Reply Sun 28 Nov, 2021 12:53 pm
Political liberals are completely correct on several points about covid. Most political liberals agree.

- Covid is a global viral pandemic.
- Covid has killed about 780 thousand Americans.
- Covid vaccines are safe and effective.
- Getting more people vaccinated will lead to less load on hospitals and fewer deaths.
- There is a risk of mutations.

I am confident that everyone reading this who supported Biden in the last election will agree with all of these points.

Liberals get the following wrong:

- They exaggerate the deadliness of the pandemic (this affect has been well documented).

- They minimize the harm done by vaccine mandates and shutdowns. This harm includes both economic, and psychological harm.
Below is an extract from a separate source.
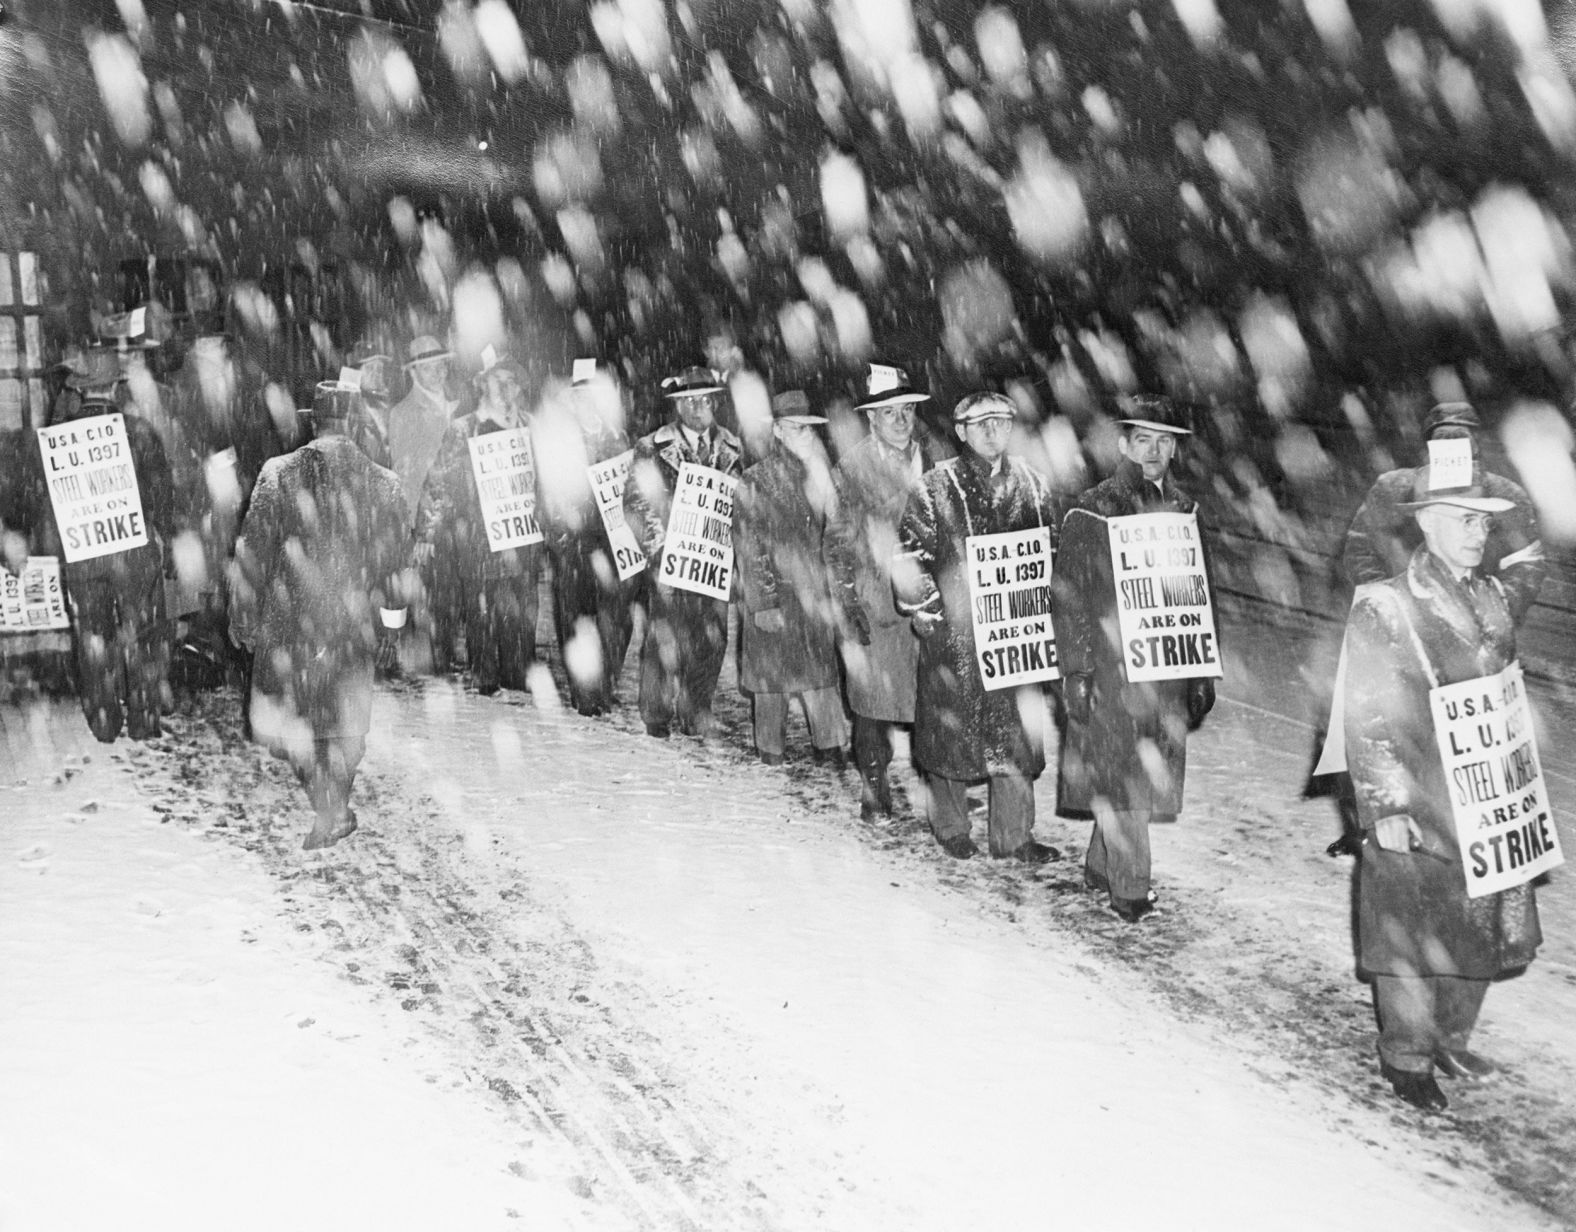 Striking steelworkers picket in Homestead, Pennsylvania, in 1946. An estimated 750,000 workers took part in the walkout, shutting down 1,200 plants in 30 states.
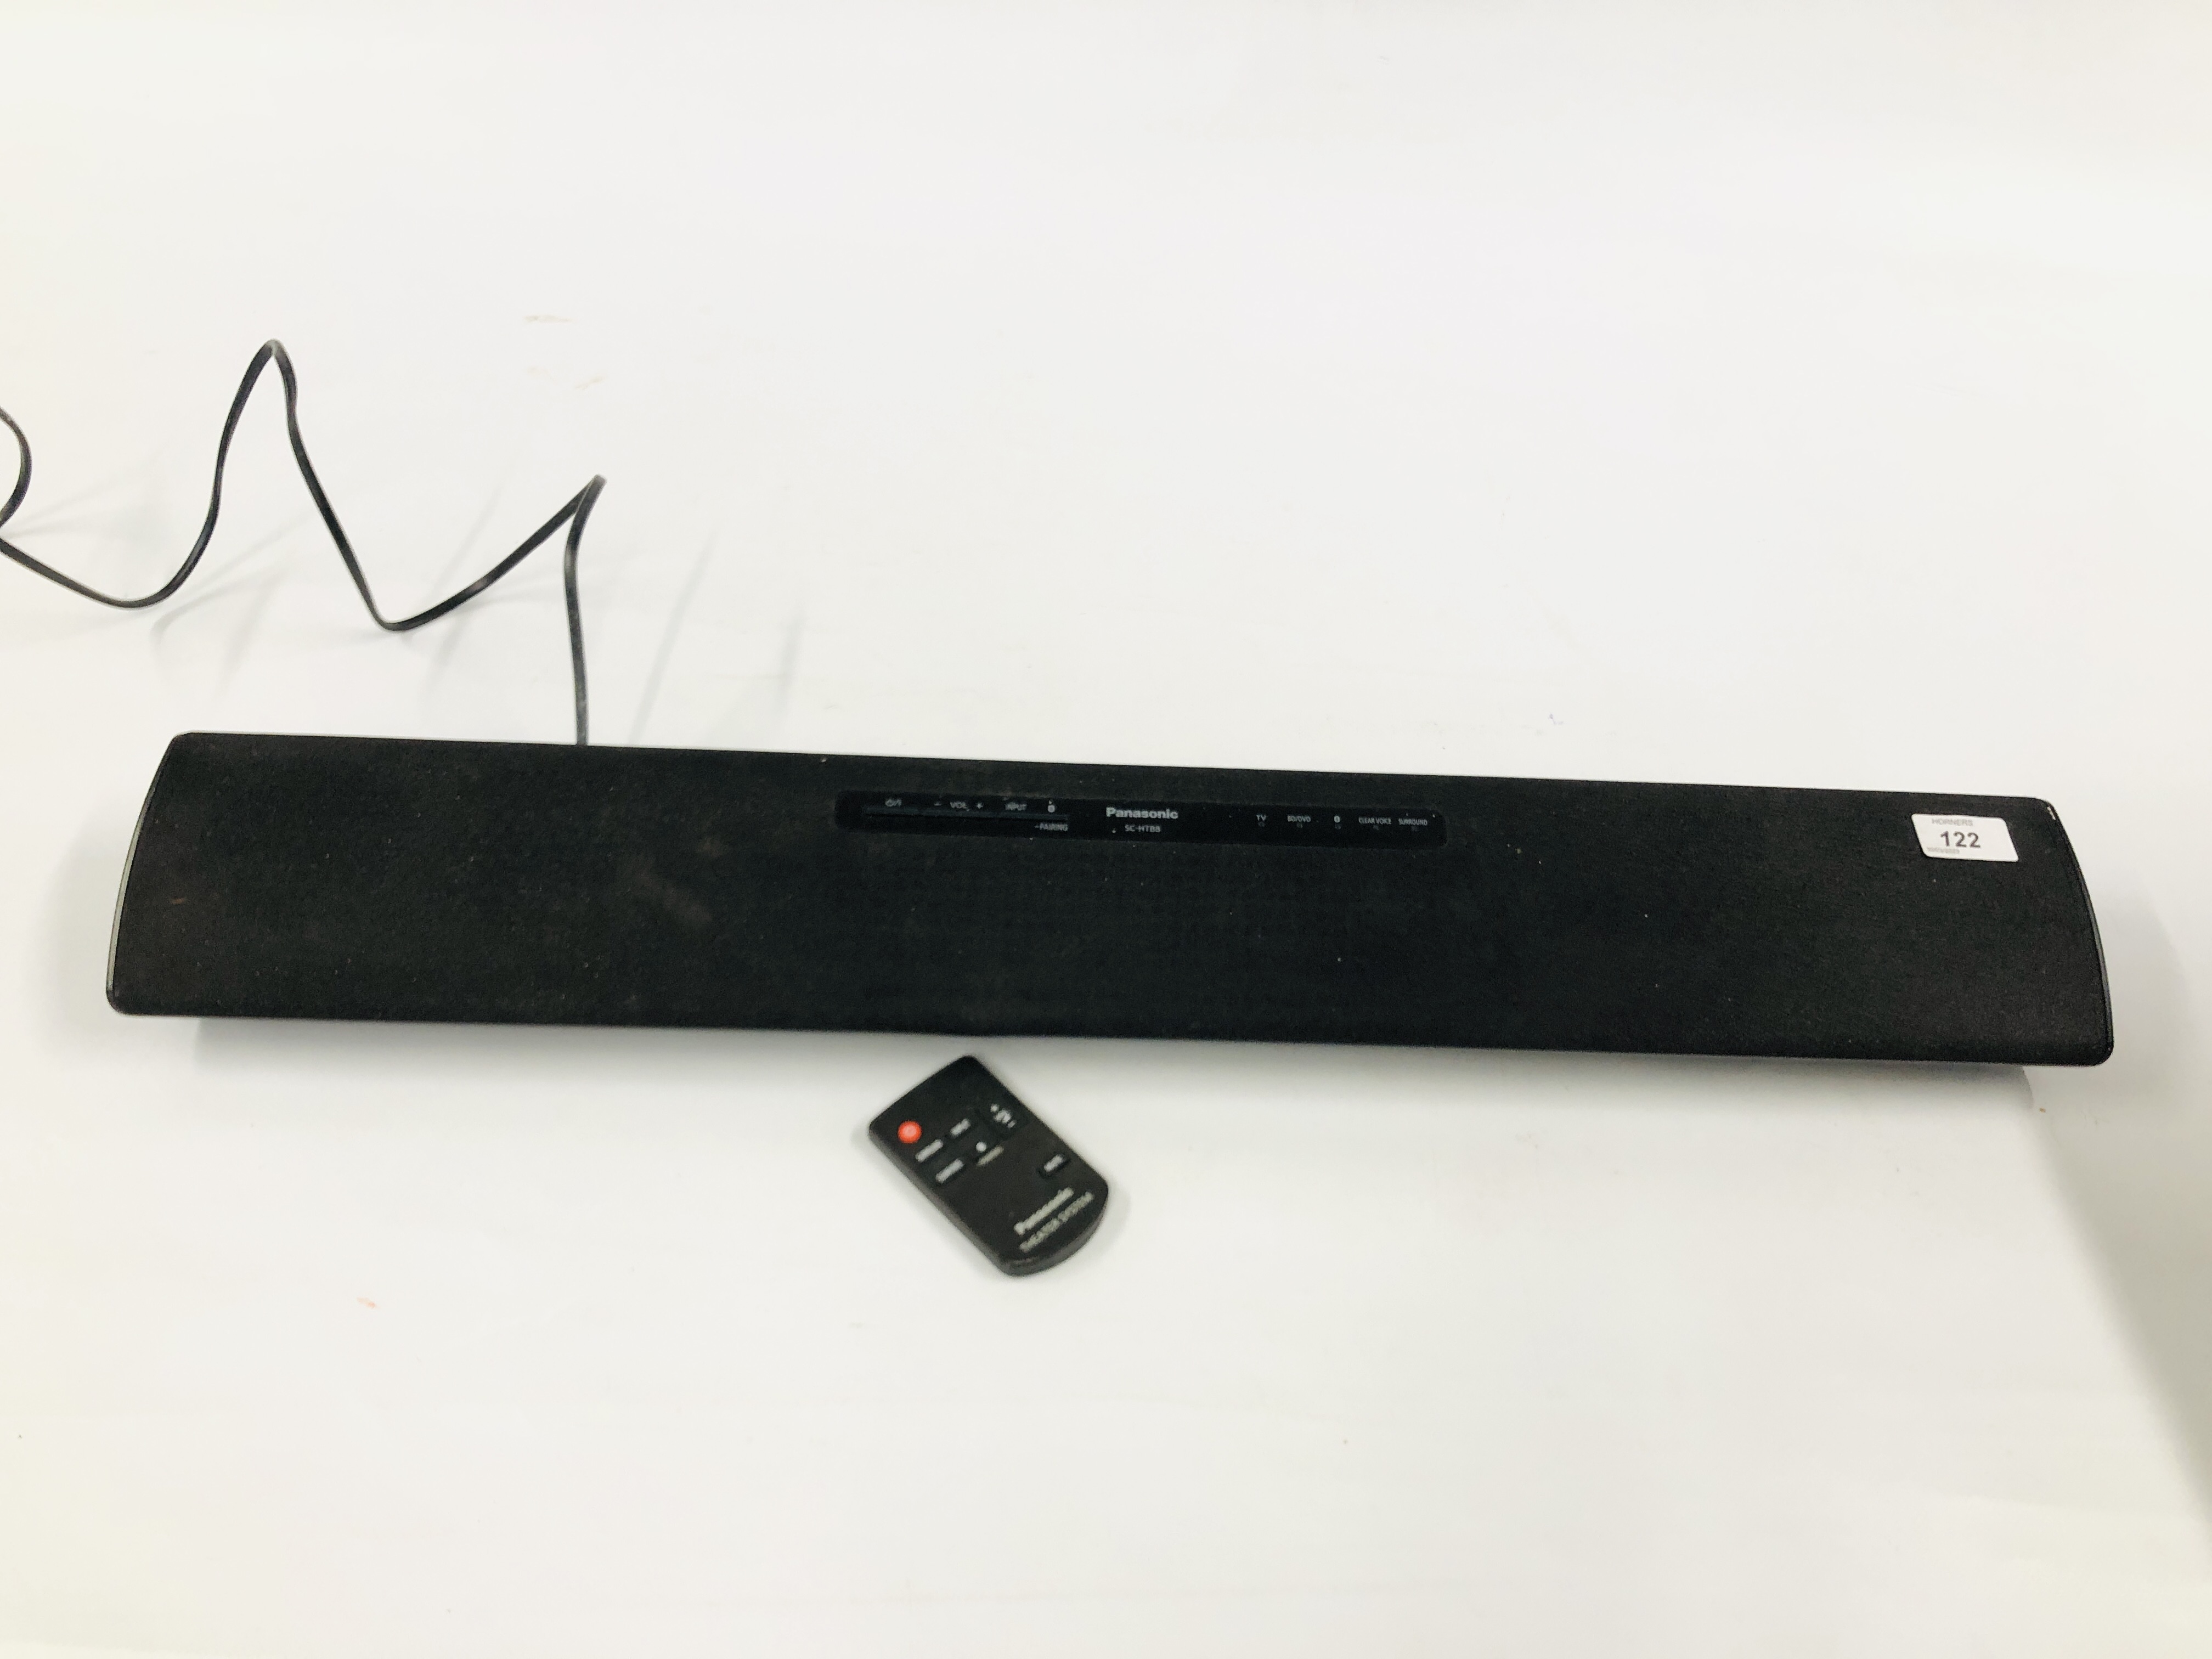 A PANASONIC SOUND BAR WITH REMOTE - MODEL SC-HTD8 - SOLD AS SEEN.

- They support punitive measures over constructive ones. Political attacks make it harder to get people vaccinated. If you are yelling at "magatards" then reaching out to people who need a vaccination, you are part of the problem.

Public health is a complicated thing. Every action has weighed; the costs versus the benefits. We could do another complete shutdown and it would probably cut down on the virus, but the cost to our economy and our society would be very high (and we already paid these costs).

Neither extreme is the answer, and the liberal extreme is not productive. What we need is a constructive public health push that reaches out to minority communities rather than punishing them and relies on cooperation rather than political fighting.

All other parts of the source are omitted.